+++ GIVEN INFORMATION +++

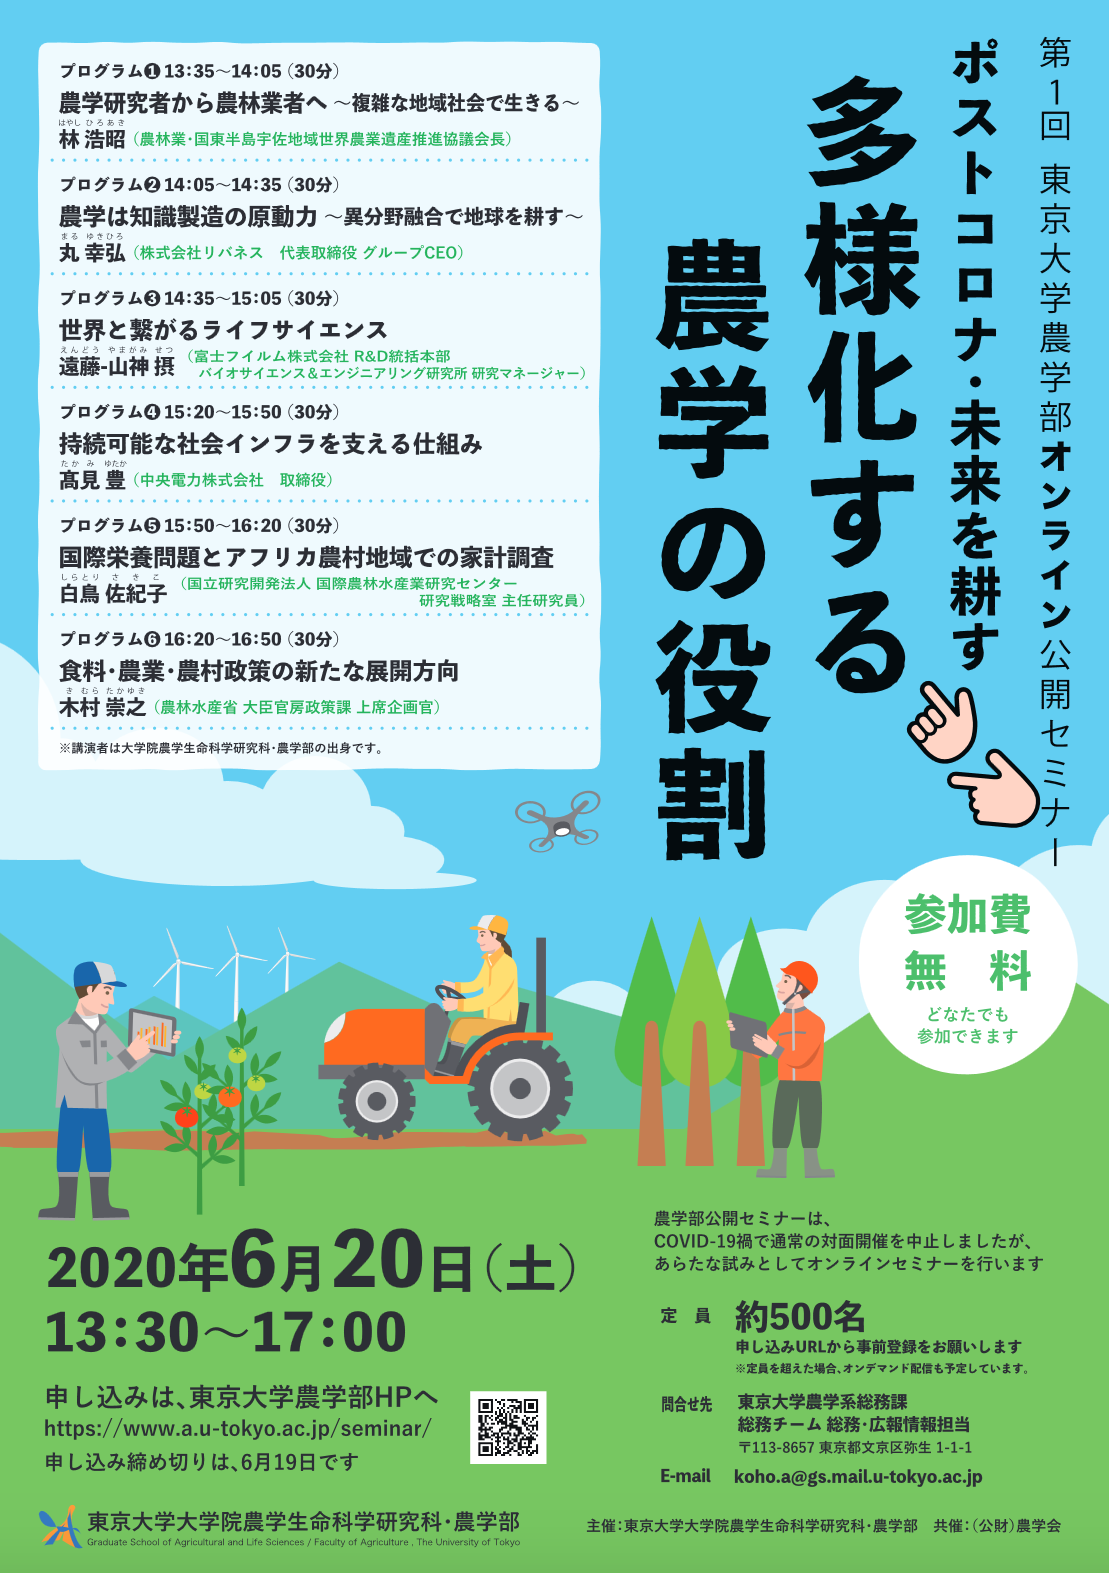 第1回東京大学農学部オンライン公開セミナー「ポストコロナ・未来を耕す -- 多様化する農学の役割」の開催
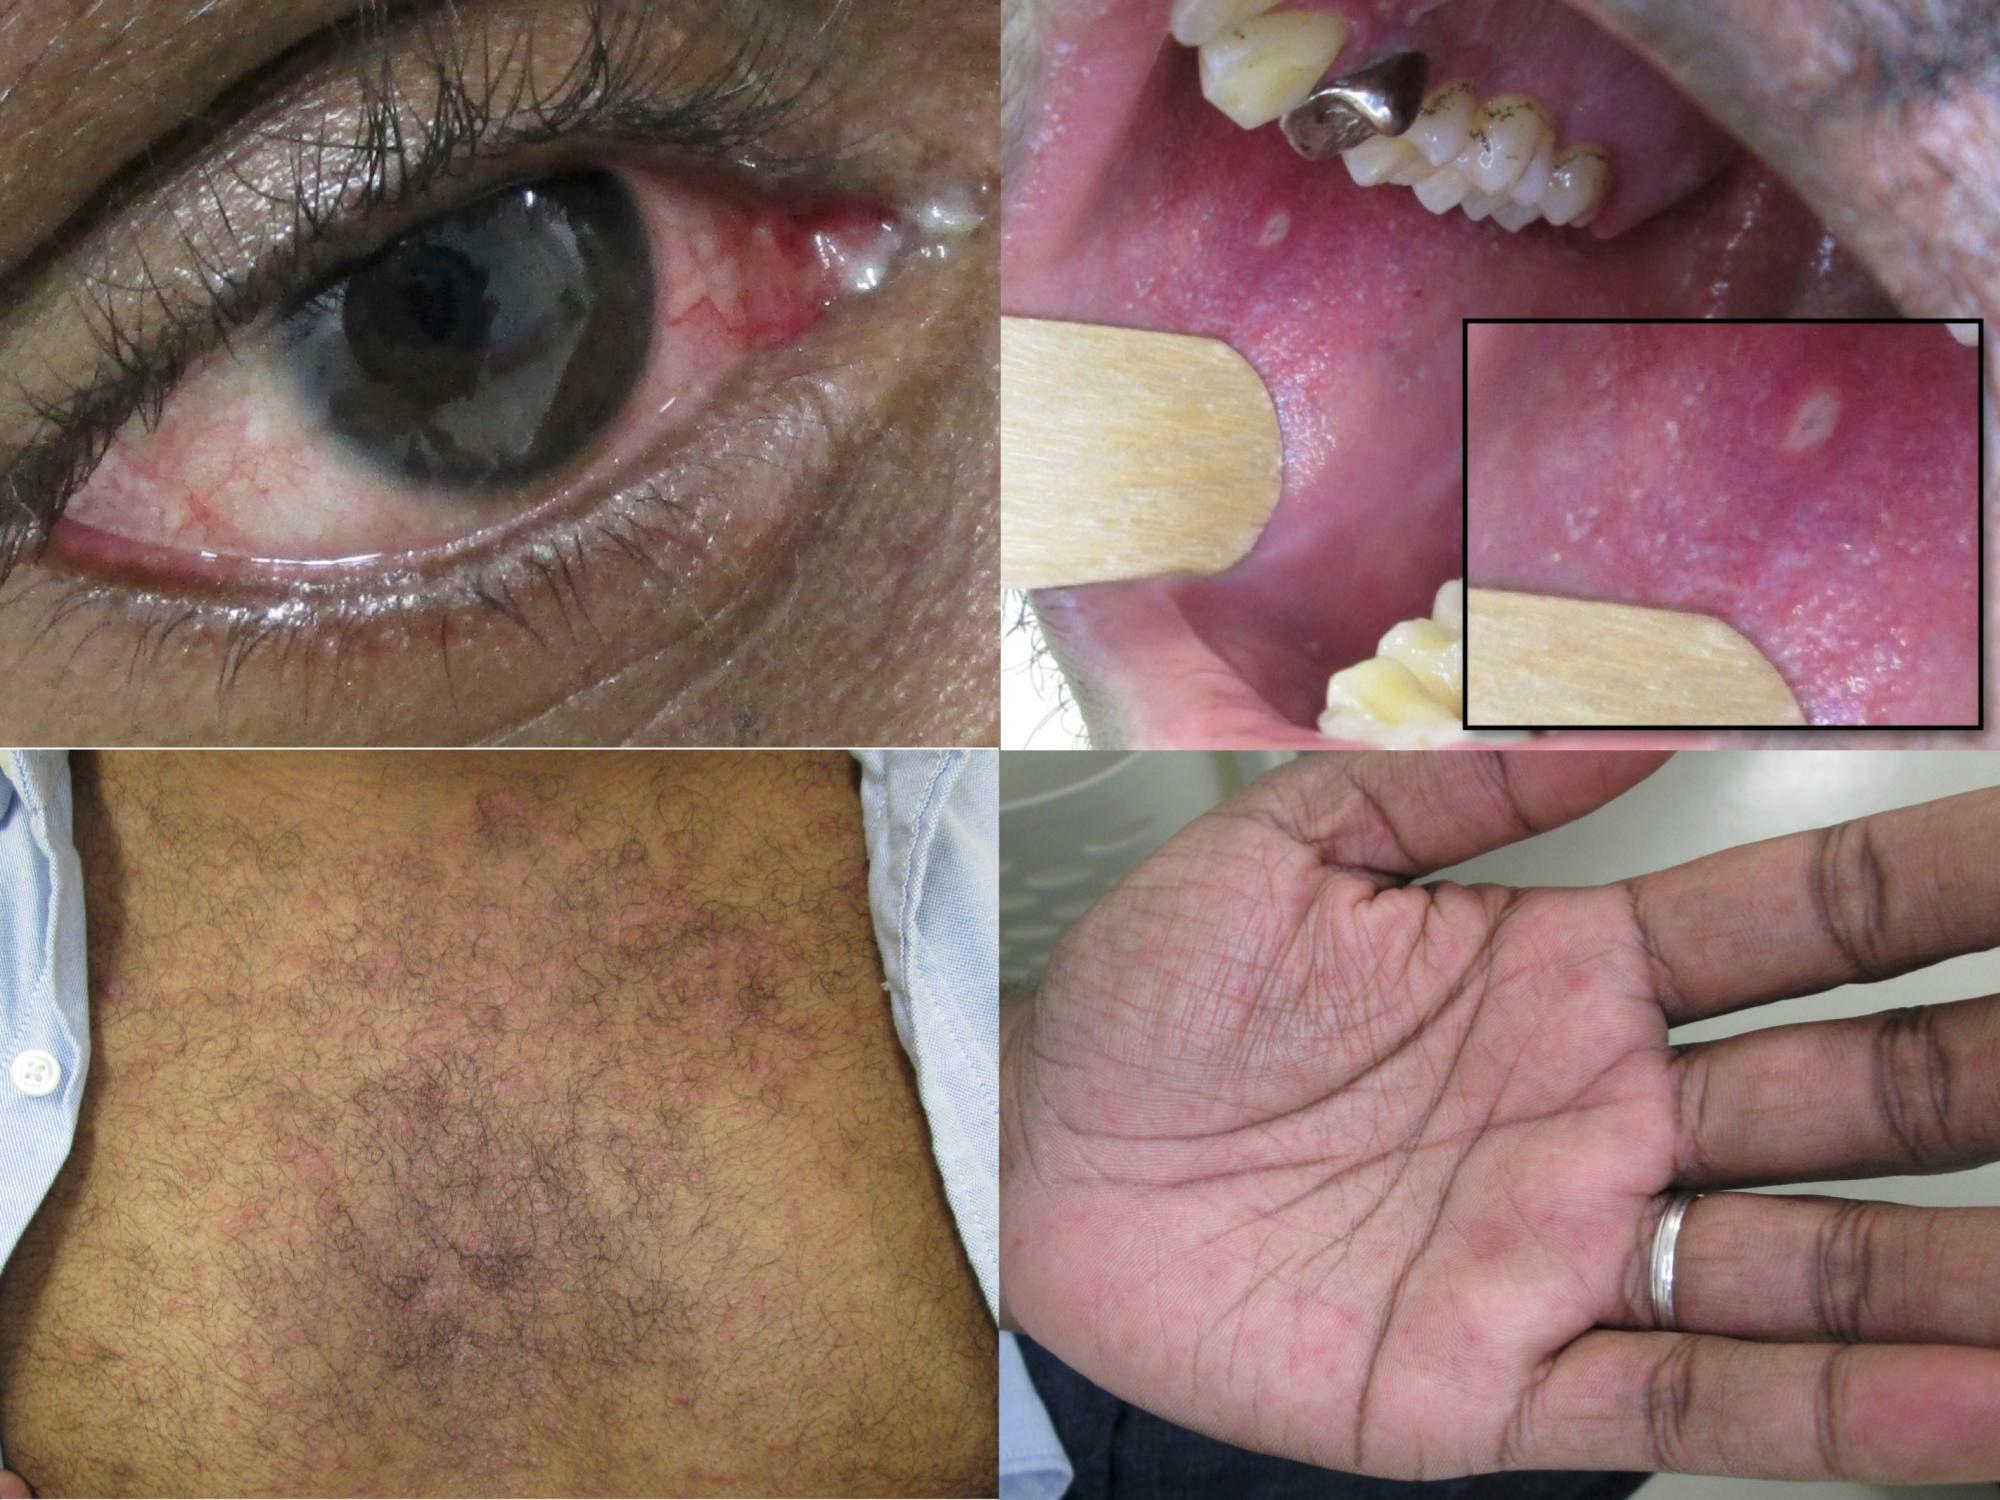 麻しん患者の眼球結膜充血、眼視（左上）、コプリック斑（右上）、体幹および手のひらの皮疹（左下、右下）患者さんの同意を得た上で筆者撮影
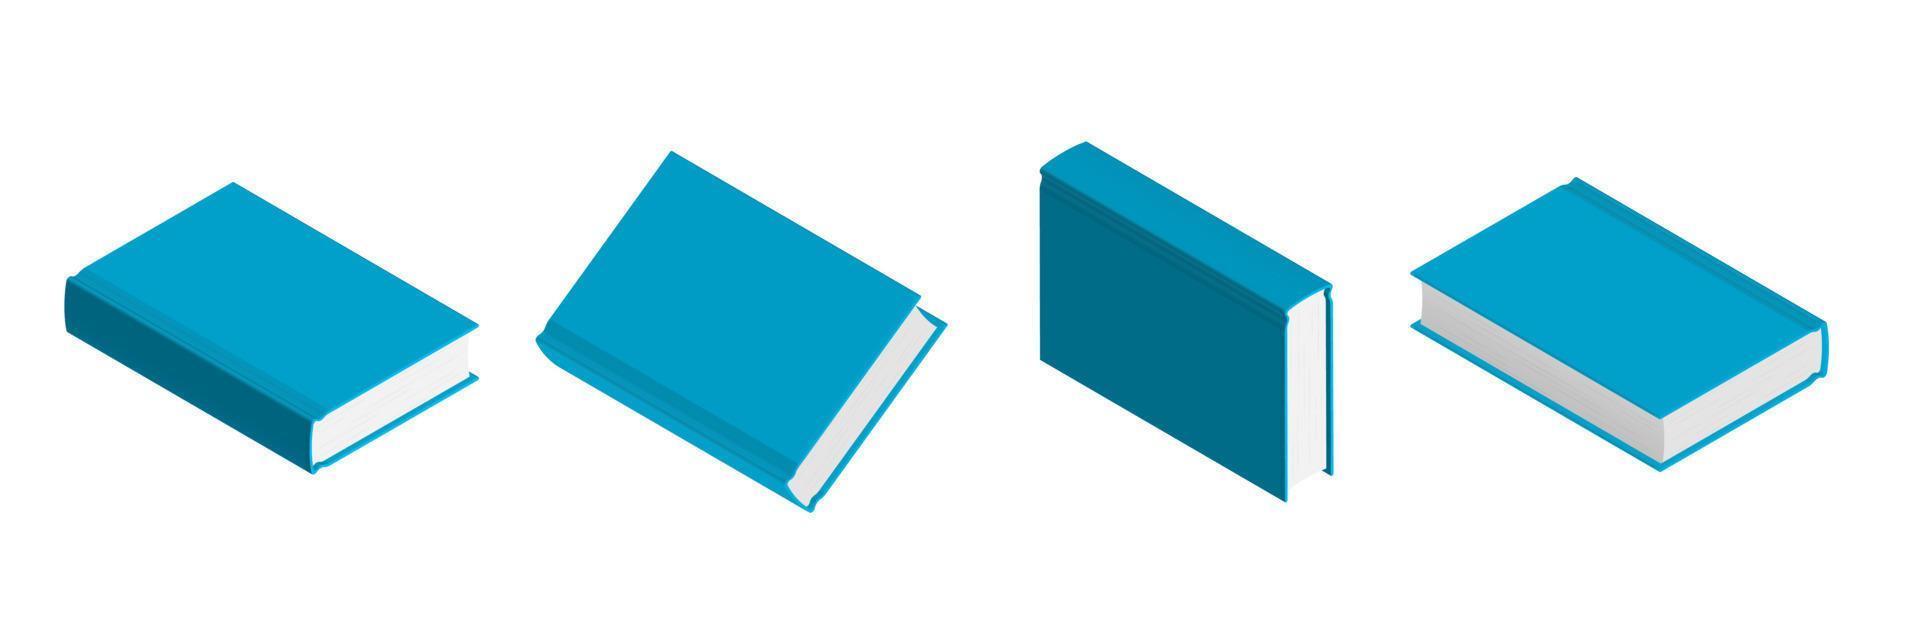 conjunto de livros azuis fechados em diferentes posições para livraria vetor

+++

Leaving out the pictures, repeat the data above exactly.

- [RESULT OF THIS TASK]
 第1回東京大学農学部オンライン公開セミナー「ポストコロナ・未来を耕す -- 多様化する農学の役割」の開催
 麻しん患者の眼球結膜充血、眼視（左上）、コプリック斑（右上）、体幹および手のひらの皮疹（左下、右下）患者さんの同意を得た上で筆者撮影
 conjunto de livros azuis fechados em diferentes posições para livraria vetor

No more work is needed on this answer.